Go in depth on what each of these skills are and how to build on them at home in this post: How Can I Build Early Literacy Skills at Home?
General Knowledge
Think about the things you know just because you know them. There are probably many facts and other things you know but have no idea how you came to know them, you just do. It might be things about the way the natural world works or some fact you picked up. This is called ‘general knowledge’ and it is the framework you build off when you learn new information and gives you a place to build from and store new information.
General knowledge comes in many forms besides formal education and there are many ways to teach your child. Babies and toddlers learn about the world from the songs we sing with them. For example, the oft-used “Itsy Bitsy Spider” actually explains to a baby that rain is wet and it makes everything wet but then the sun dries the rain. It seems so simple to an adult, but imagine if you had never experienced the rain, you would have no idea that the rain is what made the ground wet, or how it got dry again!
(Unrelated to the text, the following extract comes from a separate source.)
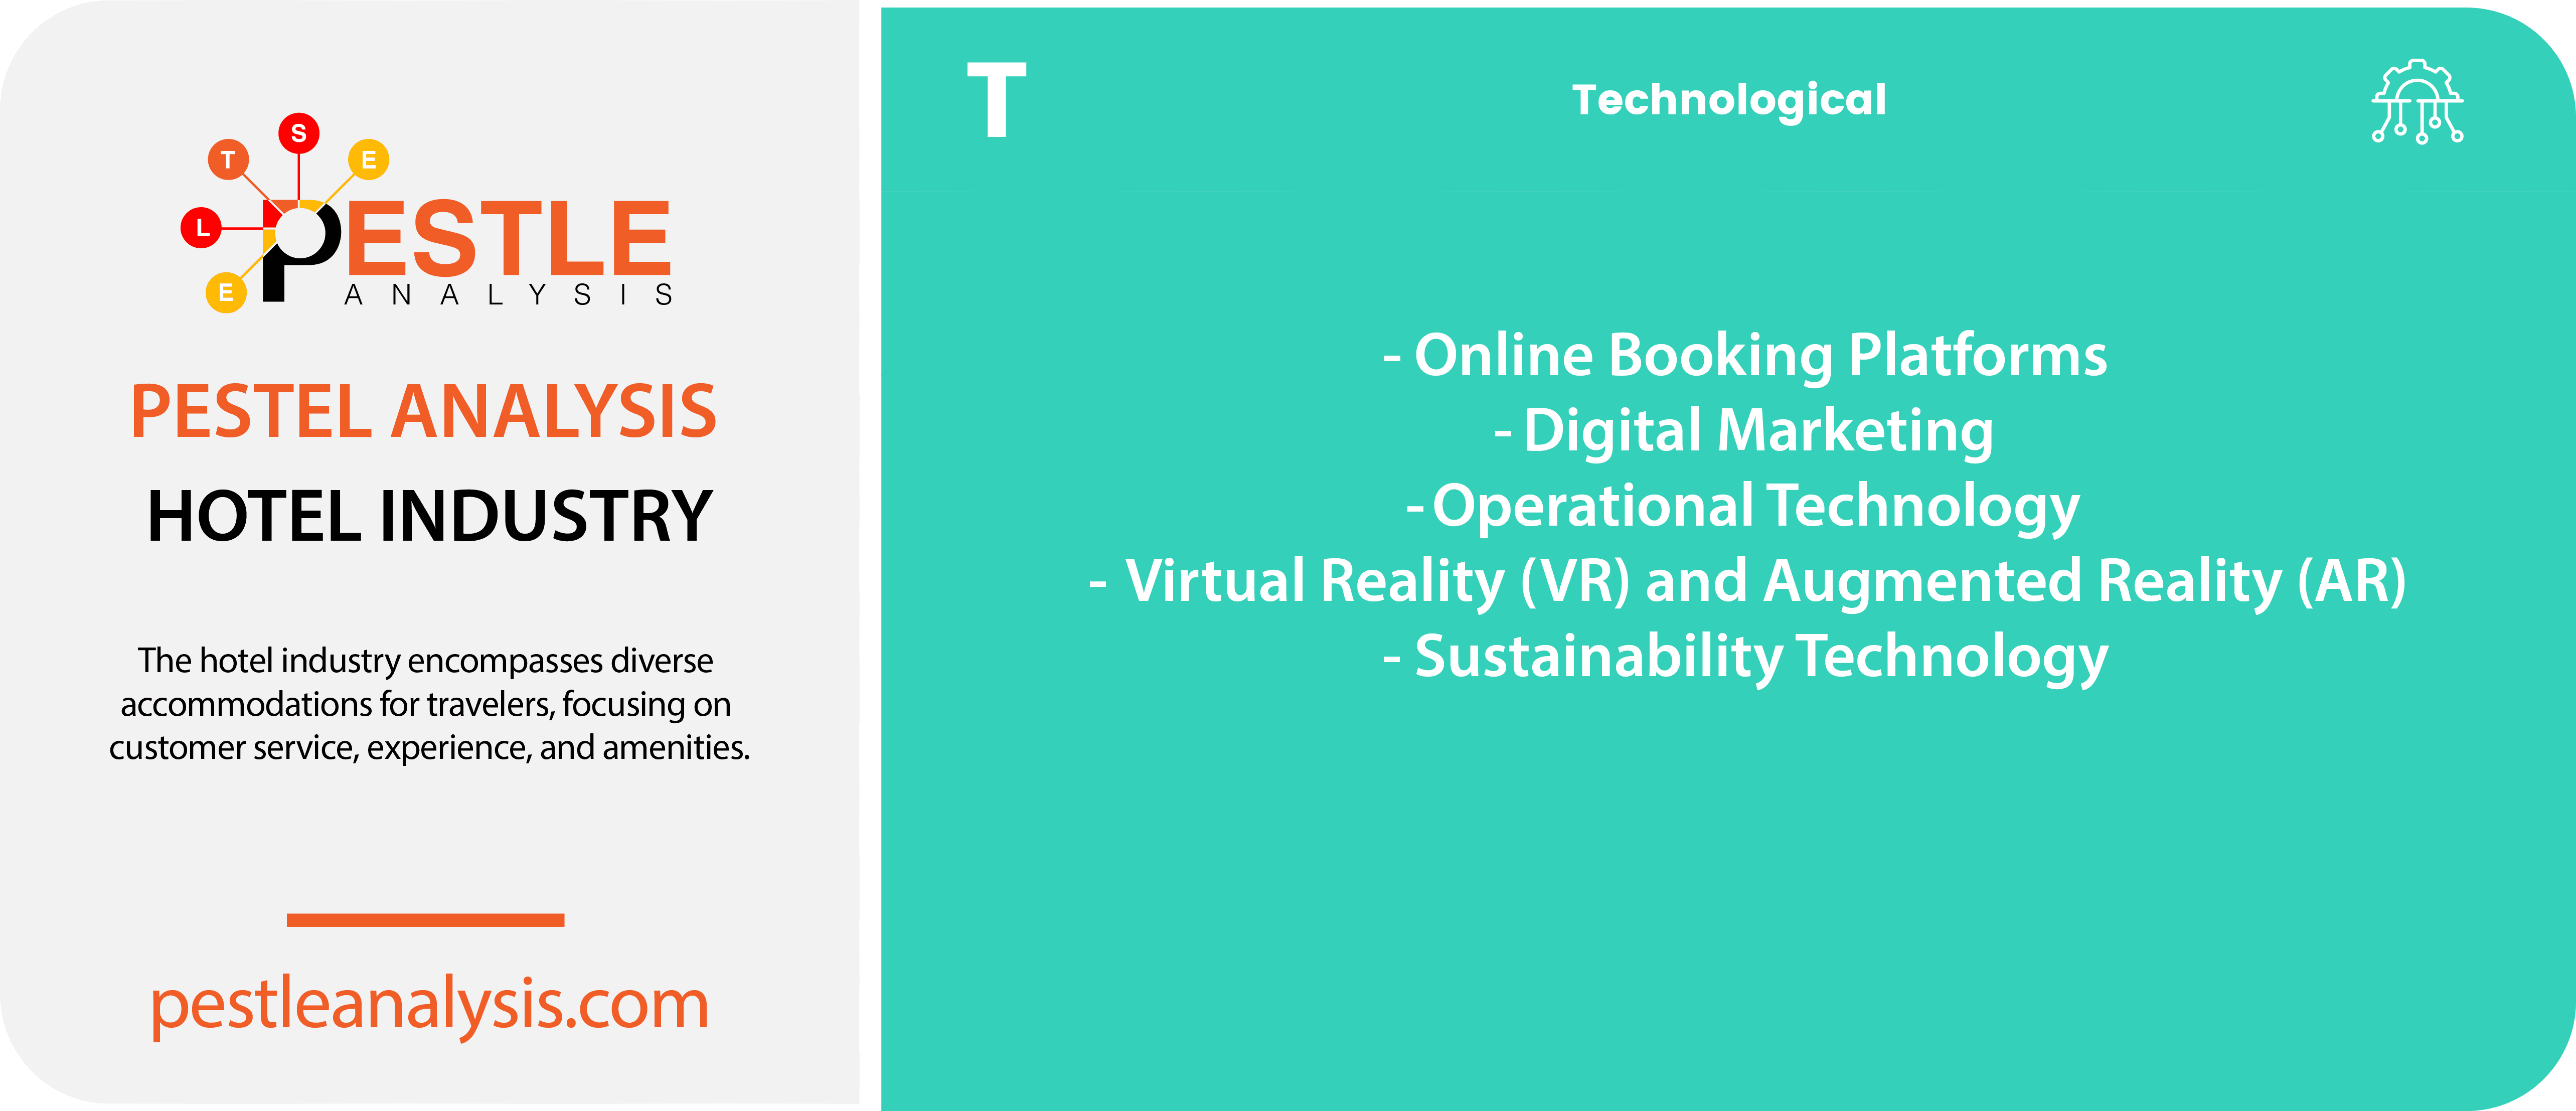 hotel-industry-pestle-analysis-technological-factors-template
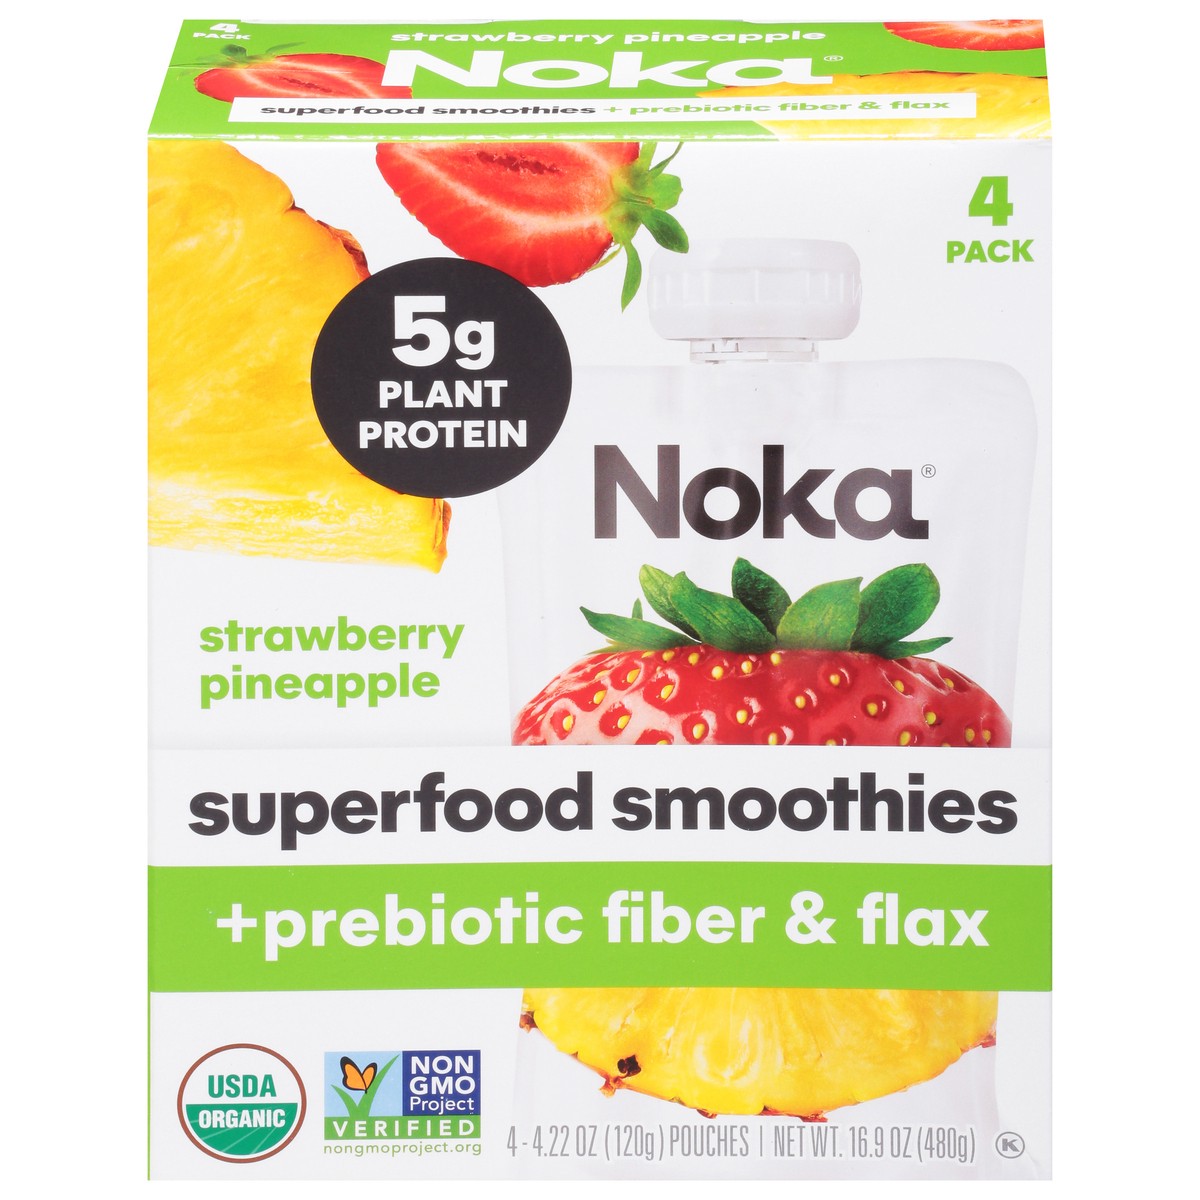 slide 1 of 14, NOKA 4 Pack Strawberry Pineapple Superfood Smoothies 4 - 4.22 oz Pouches, 4 ct

Cooking is another way to help teach your child about the world around you. Start with something simple, stirring these two things together mixes them up so they are now combined. That is a thing your young child may not have known. It can be as simple as explaining the steps of what you are doing.
Playing with paint is another great way to teach general knowledge. When we mix yellow and blue together we get green, are there other ways of getting green? Mix different paints to find out that the only way to get green is by mixing yellow and blue.
The world is new to your child, and full of fun and interesting things to know, so many of which we take for granted as they are obvious to us. You can find new joy in the world by experiencing all the things we know already through the eyes of your child, who finds everything new and wondrous.
Your child is absorbing information around them at an exponential rate, taking a little extra time to talk to your child during the day, explain the things you are doing and making games out of every day activities is thoughtful way to actively construct your child’s school skills and prepare them for their time in school, regardless of age or grade. Take an in depth look at building a better framework for your child’s education in this post about Building General Knowledge.
*This is, of course, a general guide and is not meant to diagnose. If you have concerns about your child’s behavior or development please be sure to speak with a medical professional, your child’s physician or teacher.